Attività di fluorescenza GFP

L’attività della sfGFP derivata senza cellule è stata determinata utilizzando un’analisi di fluorescenza in lisato come descritto in precedenza39., In breve, 2 µL di reazione sfGFP glicosilata sintetizzata senza cellule sono stati diluiti in 48 µL di acqua nanopura. La soluzione è stata quindi posta in una piastra di analisi nera Costar 96-well (Corning). Le lunghezze d’onda di eccitazione ed emissione per la fluorescenza sfGFP erano rispettivamente di 485 e 528 nm.

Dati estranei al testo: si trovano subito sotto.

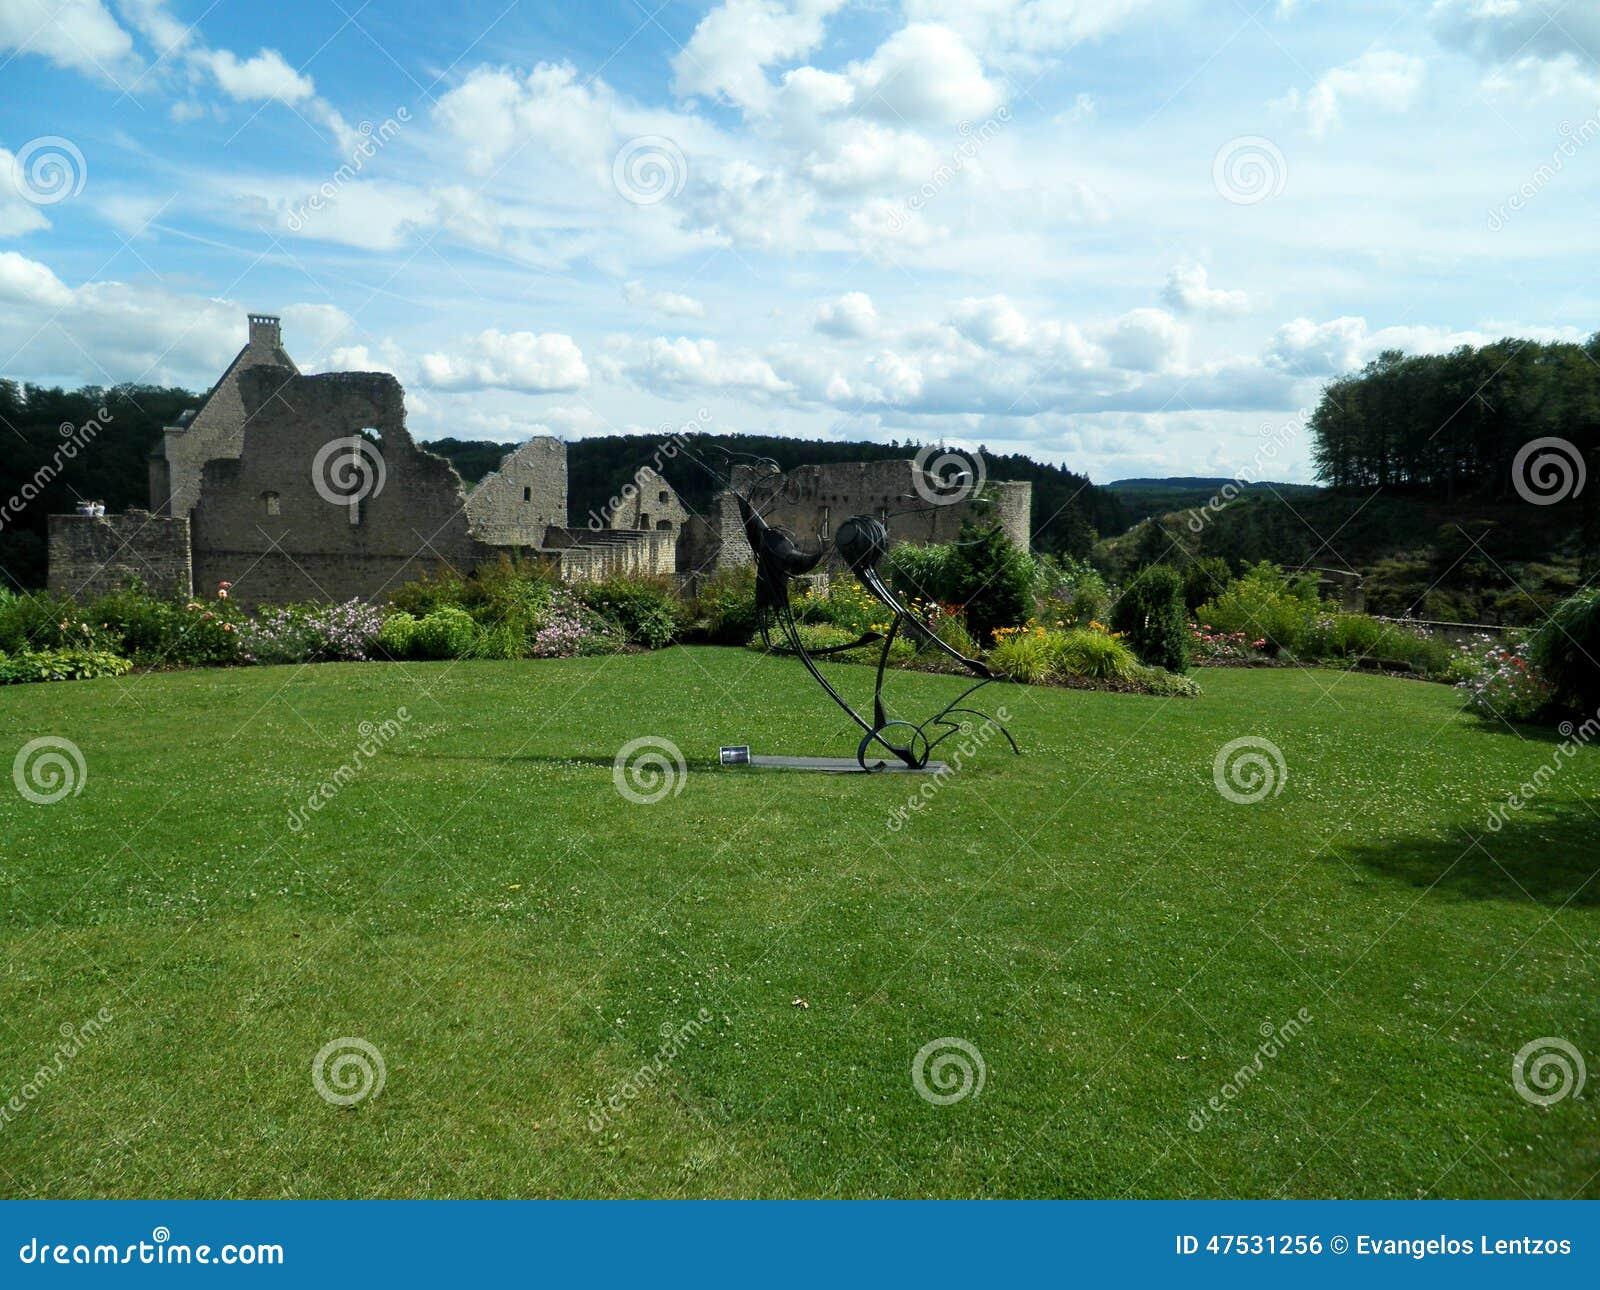 Le jardin du ch teau de larochette la ville du luxembourg for Piscine jardin du luxembourg

Analisi immunoassorbente legata all’enzima (ELISA)

Le piastre ELISA Costar 96-well (Corning) sono state rivestite durante la notte a 4 °C con 50 µl di 1 mg mL-1 E. coli β−gal (Sigma-Aldrich) in tampone di carbonato di sodio da 0,05 M (pH 9,6)., Dopo il blocco con il 5% (p/v%) di albumina sierica bovina (BSA) in PBS per 3 ore a temperatura ambiente, le piastre sono state lavate quattro volte con tampone PBST (PBS, 0,05% (v/v%) Tween-20, 0,3% (p/v%) BSA) e incubate con campioni scFv13-R4 purificati diluiti in serie o frazioni solubili di lisati CFGpS per 1 ora a temperatura ambiente. I campioni sono stati quantificati dal test di Bradford e una quantità equivalente di proteine totali è stata applicata alla piastra. Dopo aver lavato quattro volte con lo stesso tampone, l’anticorpo policlonale di coniglio coniugato anti-6×-His-HRP (Abcam) in 3% PBST è stato aggiunto a ciascun pozzetto per 1 h., Le piastre sono state lavate e sviluppate utilizzando protocolli standard.

Test di proliferazione cellulare in vitro

Eritroleucemia umana Sono state utilizzate cellule TF-1 (Sigma) che richiedono fattore stimolante le colonie di granulociti–macrofagi (GM-CSF), interleuchina 3 (IL-3) o hEPO per la crescita e la sopravvivenza. Le cellule sono state mantenute in supporti RPMI−1640 integrati con 10% FBS, 50 U mL−1 penicillina, 50 mg mL−1 streptomicina, 2 mm glutammina e 2 ng mL-1 GM-CSF a 37 °C in un’atmosfera umidificata contenente 5% CO2., Dopo l’incubazione di 16 ore in mezzi RPMI-1640 senza GM-CSF, le cellule sono state contate, raccolte e risospese in mezzi freschi. Le cellule 5 × 103 TF-1 per pozzetto sono state seminate in una piastra di analisi a 96 pozzetti e sono stati aggiunti standard o campioni di EPO alle concentrazioni finali desiderate per ciascun pozzetto. Le cellule sono state incubate con per 6 h in incubatore umido prima di aggiungere alamarBlue®. Dopo 12 ore, il segnale di fluorescenza è stato misurato a 560 nm/590 nm di eccitazione / lunghezza d’onda di emissione.,

Disponibilità dei dati

Tutti i dati generati durante lo studio sono inclusi in questo articolo e nei suoi file di informazioni supplementari e sono disponibili presso gli autori su ragionevole richiesta.